Giuliani has indicated he was a key source of information for Solomon on Ukraine, telling The New York Times in November 2019 that he turned over information about the Bidens earlier in the year to Solomon.

“I really turned my stuff over to John Solomon,” Giuliani said.

The former New York City mayor later told The New Yorker he encouraged Solomon to highlight information on the Bidens and Yovanovitch, stating, “I said, ‘John, let’s make this as prominent as possible,’ adding, ‘I’ll go on TV. You go on TV. You do columns.’”

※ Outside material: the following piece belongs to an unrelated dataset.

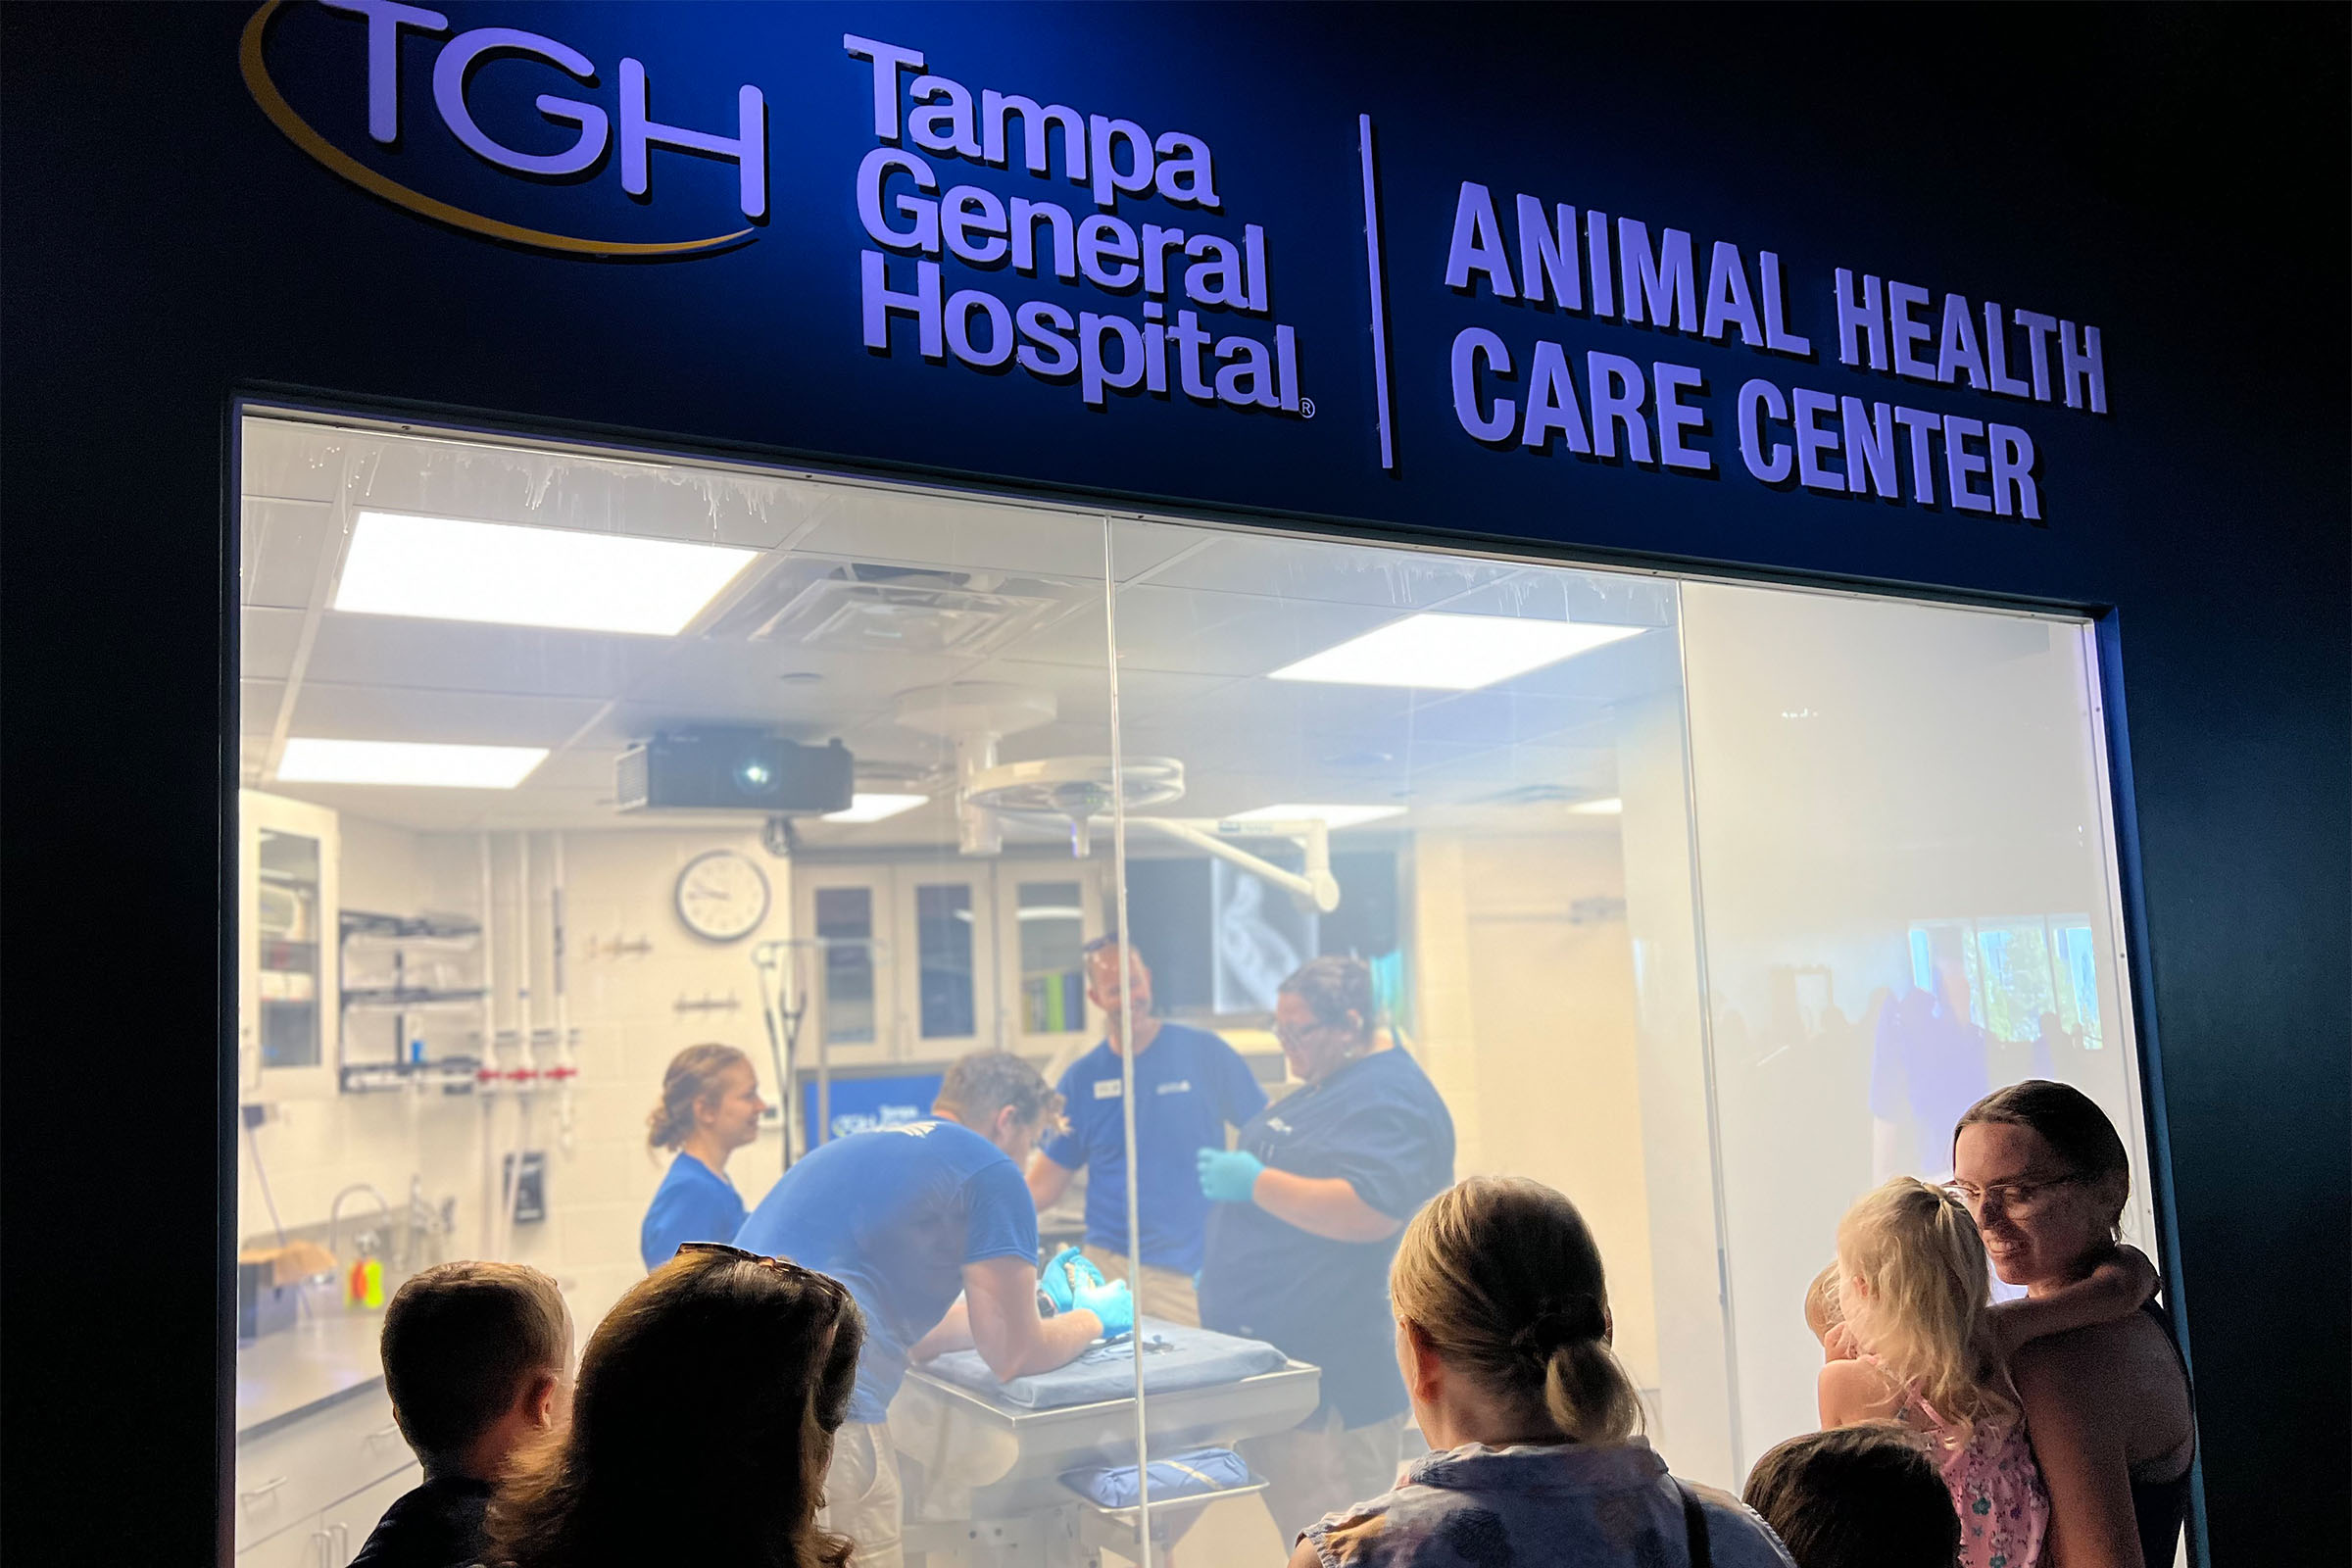 guests watching vets at The Florida Aquarium give an exam to an animal in the Tampa General Hospital Animal Health Care Center

Two colorful characters who acted as Giuliani’s Ukraine go-betweens, Lev Parnas, and Igor Fruman, have been indicted on conspiracy charges and, according to Fortune, Giuliani, too, could be indicted in that case. As CNN noted in January, it’s nearly unheard of for a US Attorney’s office—in this case the one for the Southern District of New York (SDNY)—to end up indicting a former US attorney who led the same district. CNN added: “The SDNY community has watched in disbelief as Giuliani continues to seek the spotlight even as the investigation has unfolded and expanded into new fronts on a nearly weekly basis. The impeachment inquiry has also unleashed new evidence regarding his role performing shadow diplomacy on behalf of President Donald Trump as recently as [mid-January].”

Indeed, Giuliani is still at it. In concert with a collection of corrupt ex-prosecutors in Ukraine and in his ongoing role as shadow secretary of state cum intelligence chief, Giuliani is still gathering conspiracy-riddled information on the Bidens in Kyiv—and Attorney General William Barr has obligingly created an “intake process in the field” to absorb Giuliani’s work product straight into the Department of Justice. One thing is guaranteed: “Secretary of State” Giuliani will have a clear field in Kyiv, since Ambassador Taylor was unceremoniously fired on January 1st of this year.